Comes right after this

| Jun 5 11:20:28 | check_reload_status: Reloading filter |
| Jun 5 11:20:28 | check_reload_status: Restarting OpenVPN tunnels/interfaces |
| Jun 5 11:20:28 | check_reload_status: Restarting ipsec tunnels |
| Jun 5 11:20:28 | check_reload_status: updating dyndns Yousee |
| Jun 5 11:20:28 | check_reload_status: Reloading filter |
| Jun 5 11:20:28 | check_reload_status: Restarting OpenVPN tunnels/interfaces |
| Jun 5 11:20:28 | check_reload_status: Restarting ipsec tunnels |
| Jun 5 11:20:28 | check_reload_status: updating dyndns Yousee |
| Jun 5 11:20:26 | check_reload_status: Syncing firewall |
| Jun 5 11:20:26 | check_reload_status: Syncing firewall |
| Jun 5 11:20:25 | check_reload_status: Reloading filter |
| Jun 5 11:20:25 | php-fpm[9696]: /rc.start_packages: Reloading Squid for configuration sync |
| Jun 5 11:20:25 | php-fpm[9696]: /rc.start_packages: Restarting/Starting all packages. |
| Jun 5 11:20:23 | lighttpd[33558]: (connections.c.1692) SSL (error): 5 -1 1 Operation not permitted |
| Jun 5 11:20:23 | lighttpd[33558]: (connections.c.619) connection closed: write failed on fd 20 |
| Jun 5 11:20:23 | lighttpd[33558]: (network_openssl.c.118) SSL: 5 -1 1 Operation not permitted |
| Jun 5 11:20:23 | check_reload_status: Reloading filter |
| Jun 5 11:20:23 | check_reload_status: Starting packages |
| Jun 5 11:20:23 | php-fpm[85395]: /rc.newwanip: pfSense package system has detected an IP change or dynamic WAN reconnection - 80.197.148.74 -> 80.197.148.74 - Restarting packages. |
| Jun 5 11:20:23 | php-fpm[60486]: /interfaces.php: Removing static route for monitor 81.19.224.67 and adding a new route through 80.197.148.1 |
| Jun 5 11:20:21 | php-fpm[85395]: /rc.newwanip: Resyncing OpenVPN instances for interface WAN. |
| Jun 5 11:20:21 | check_reload_status: updating dyndns wan |

firewalluser

Did you set an IP address in ESXi for that nic?

Supermule

No it gets that from DHCP on WAN from my ISP. Hypervisor mgmt network is on the LAN.

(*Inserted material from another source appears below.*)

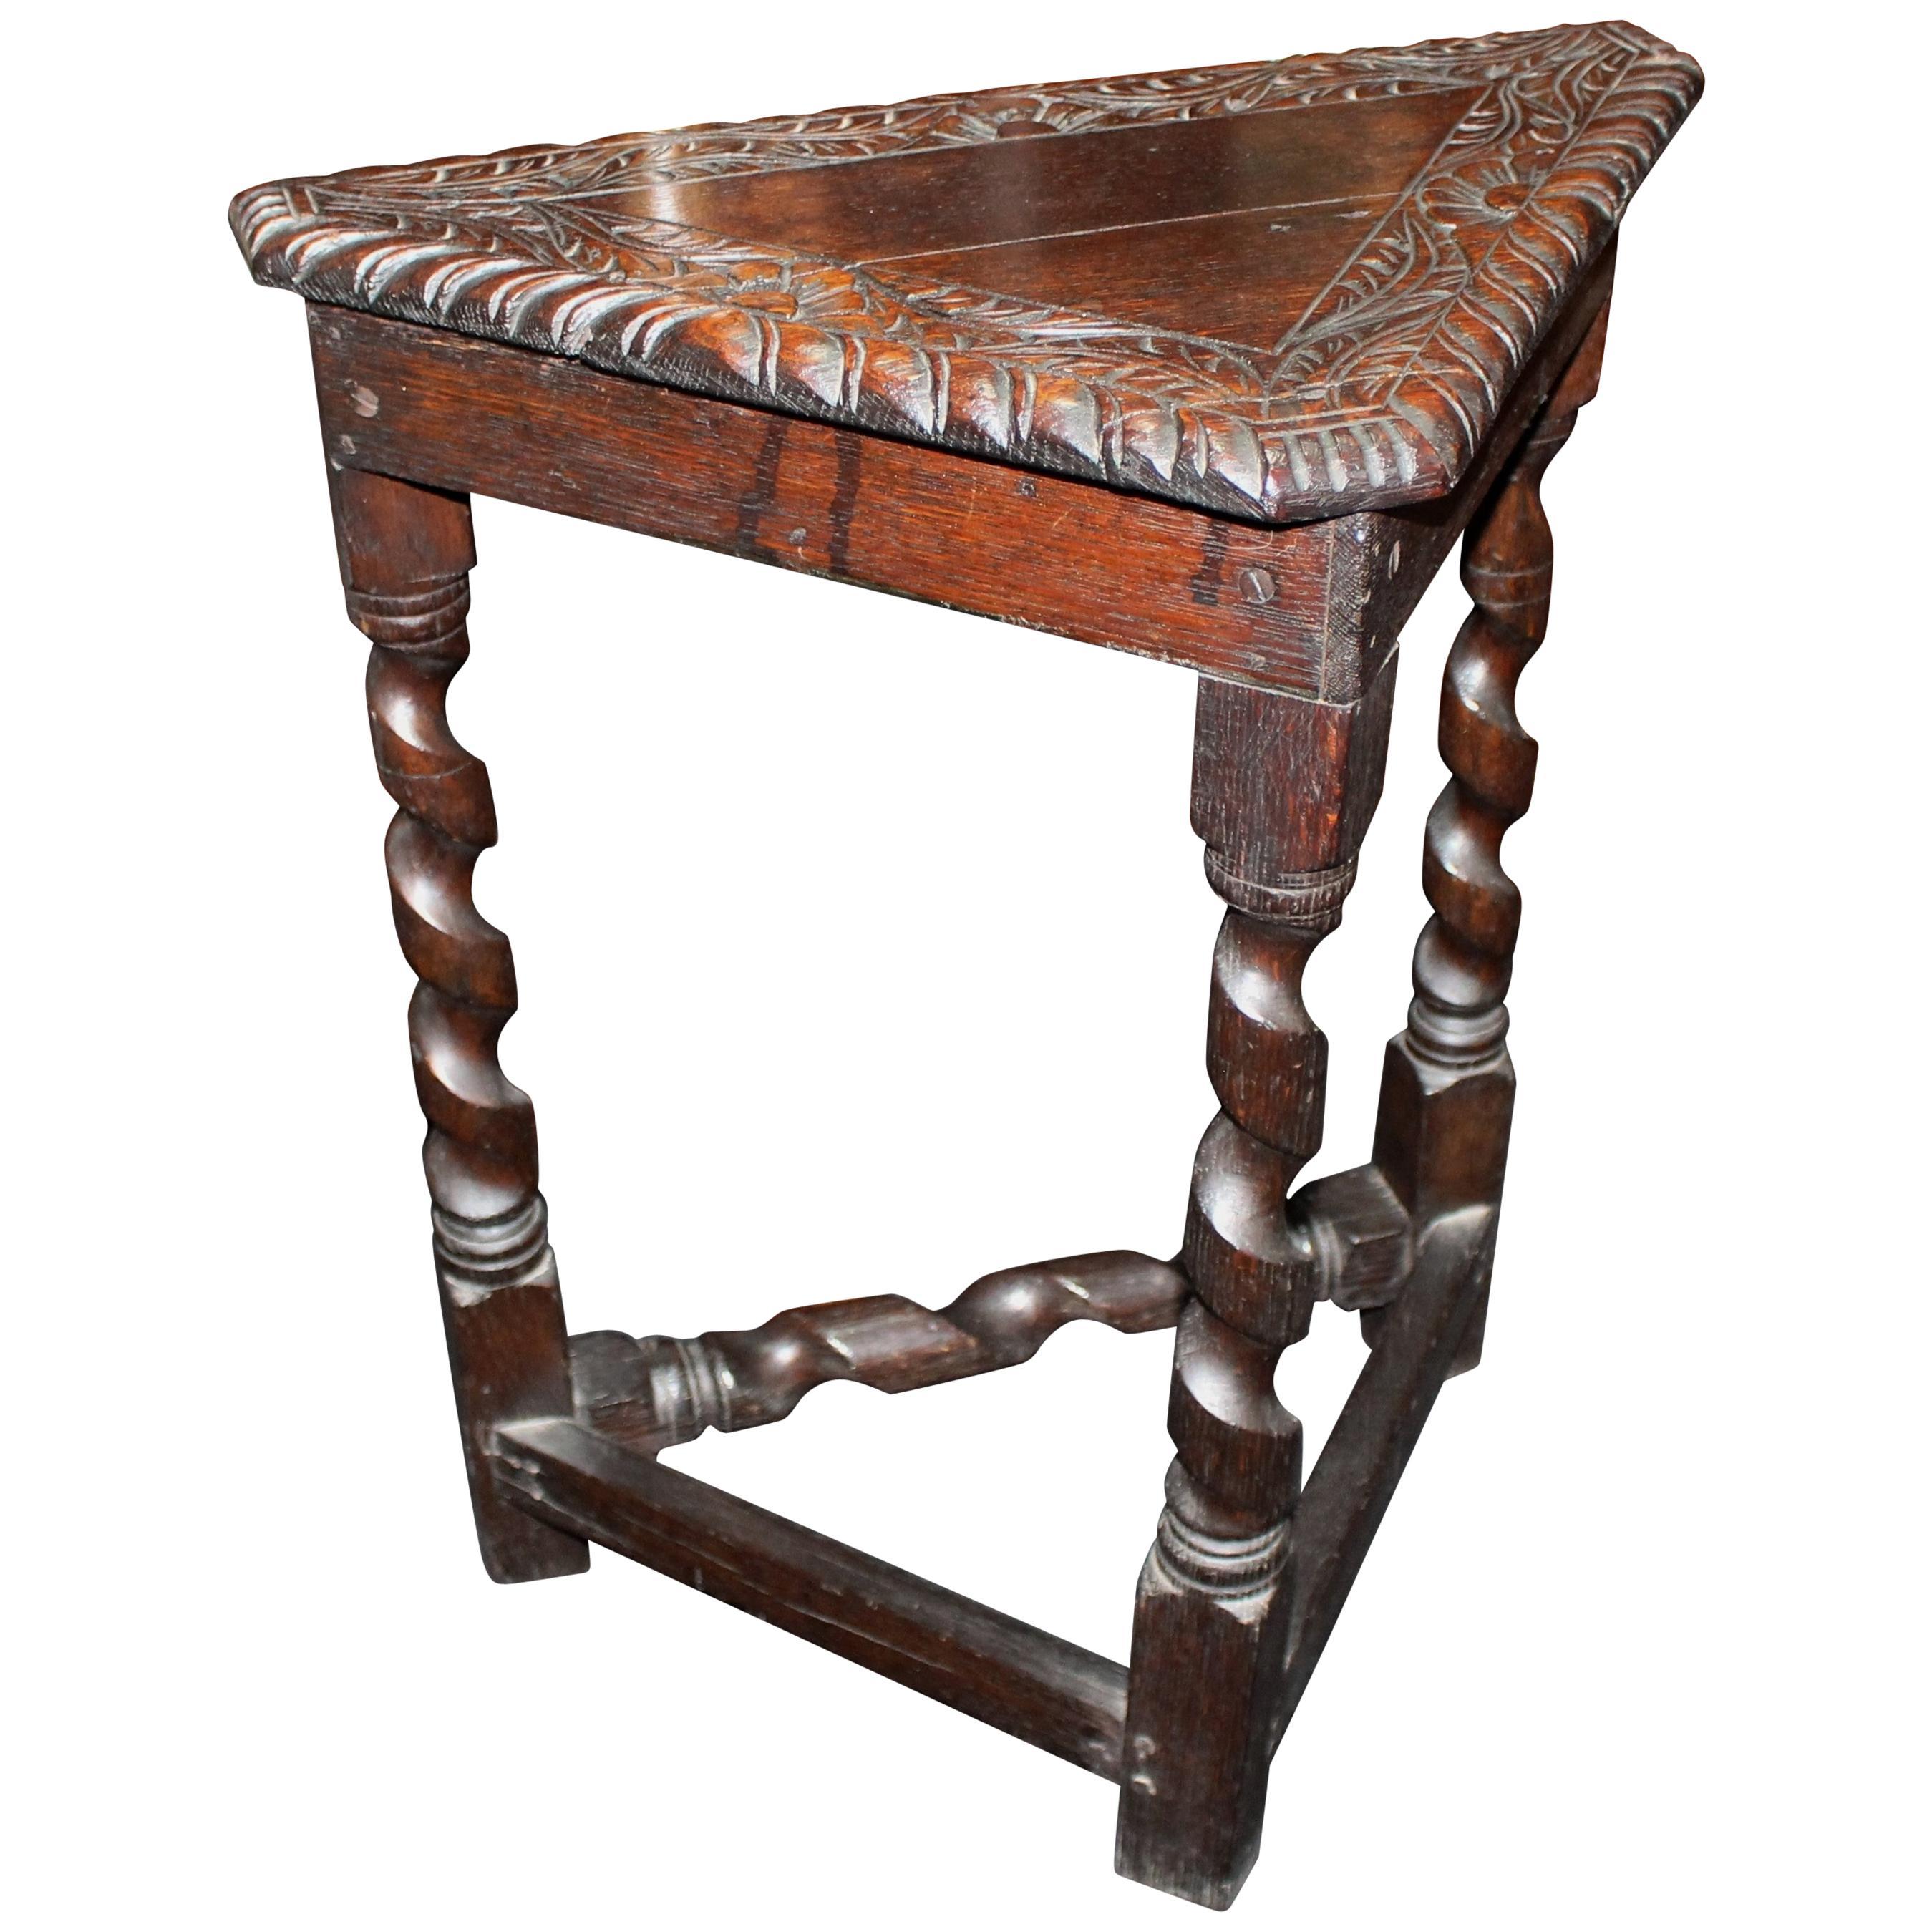 Corner tables furniture Dining Room Small Carved Oak Antique Corner Table For Sale 1stdibs Small Carved Oak Antique Corner Table For Sale At 1stdibs

DHCP is running on LAN issuing IP's to a Linksys wireless AP in bridge mode.

I do not run HP Jetadmin software on LAN.

log1.PNG_thumb

log2.PNG_thumb

Supermule

Disabled Apinger…

All I get in the logs is this then...

traffic_drop.PNG_thumb

log3.PNG_thumb

firewalluser

This might be an approach for getting Dtrace working on pfsense.

https://forum.pfsense.org/index.php?topic=94838.msg527131#msg527131

Different package, but might work, bit like the only way to get Rpi's working virtually is on Ubuntu with QEMU installed to emulate the ARM's, at which point it becomes alot quicker by virtual of stonking fast hw setting up freebsd and pfsense on RPi's, but I digress.